1.6 Consulter les membres et d’autres associations pour connaître les projets, politiques ou programmes les plus pertinents à faire l’objet d’une ÉES.
Orientation stratégique no 2 :
Promouvoir et développer les outils prenant en compte les dimensions économiques, sociales et culturelles dans les études d’impact
2.1 Effectuer un inventaire des outils d’évaluation des répercussions économiques, sociales et culturelles d’un projet en faisant appel aux membres de l’AQÉI et aux ministères, associations professionnelles et Premières Nations concernés par ces enjeux.
2.2 Développer un guide de présentation permettant d’intégrer les outils d’évaluation des dimensions économiques, sociales et culturelles.
2.3 Tenir des ateliers de travail ou de formation relativement aux outils d’évaluation des dimensions économiques, sociales et culturelles.
2.4 Évaluer la pertinence et étudier la possibilité de développer des outils intégrateurs pour évaluer les répercussions économiques, sociales et culturelles de projets.
2.5 Évaluer la pertinence de proposer au MDDEP que les directives adressées aux initiateurs de projet soient plus explicites quant aux dimensions économiques, sociales et culturelles devant être intégrées aux études d’impacts.
Orientation stratégique no 3 :
Diffuser et rendre accessibles les résultats des suivis environnementaux
3.1 Proposer au MDDEP de diffuser les exigences de suivi environnemental des projets analysés par son ministère, ce qui constituerait un moyen incitatif de rendre publics les résultats de suivis.
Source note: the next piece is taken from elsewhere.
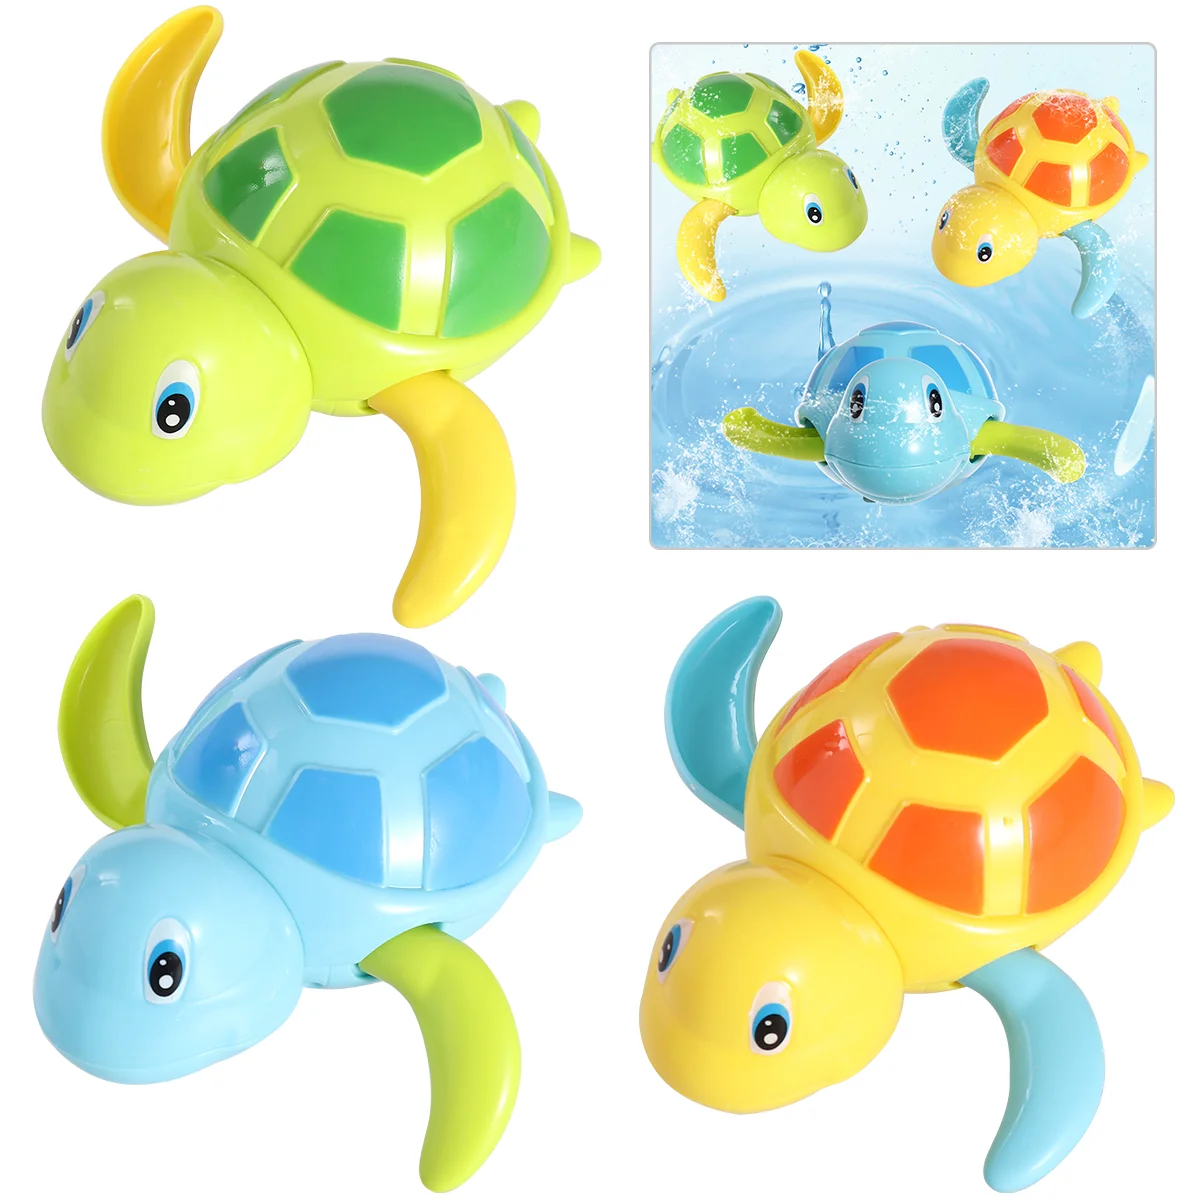 

3Pcs Bath Toys Wind Turtle Toys Floating Water Bathtub toysPlastic Swinmming Turtle Playing Water Toys for Toddlers Infant

3.2 Proposer au MDDEP la formation d’un groupe de travail regroupant des professionnels de son ministère, des représentants d’associations de promoteurs ainsi que des représentants des Premières Nations et du public pour définir un mécanisme pour assurer l’accessibilité des résultats de suivis.
3.3 Proposer au MDDEP de présenter sur son site Internet les projets pour lesquels les résultats des suivis environnementaux sont publics ainsi que les projets qui ont reçu un certificat d’autorisation et pour lesquels des résultats de suivis environnementaux ne sont pas publics. Dans les deux cas, les exigences de suivis y étant présentées.
3.4 Sensibiliser le président du Bureau d’audiences publiques sur l’environnement (BAPE) et les comités appropriés issus de la Convention de la Baie-James et du Nord québécois (chapitres 22 et 23) à l’importance de traiter au cours de l’audience publique du suivi environnemental et des mécanismes de diffusion et d’accessibilité des résultats de ces suivis.
3.5 Faire des démarches auprès des associations de promoteurs pour réaliser des bilans de suivis environnementaux par filière. La présentation d’une analyse dépersonnalisée devrait réduire les craintes des promoteurs tout en offrant la perspective d’augmenter la pertinence des exigences gouvernementales.
Orientation stratégique no 4 :
Répondre aux besoins de formation en lien avec l’évaluation environnementale
4.1 Effectuer un sondage auprès des membres pour connaître leurs besoins en termes de formation.
4.2 Réaliser un atelier d’échange sur les points forts et faibles des études d’impacts produites au Québec avec tous les intervenants (praticiens et théoriciens, rédacteurs et réviseurs).
4.3 Constituer une liste des formations et des formateurs disponibles en lien avec l’évaluation environnementale, en faisant appel régulièrement aux membres pour garder à jour cette information.
4.4 Offrir les formations selon la demande et les capacités de l’AQÉI.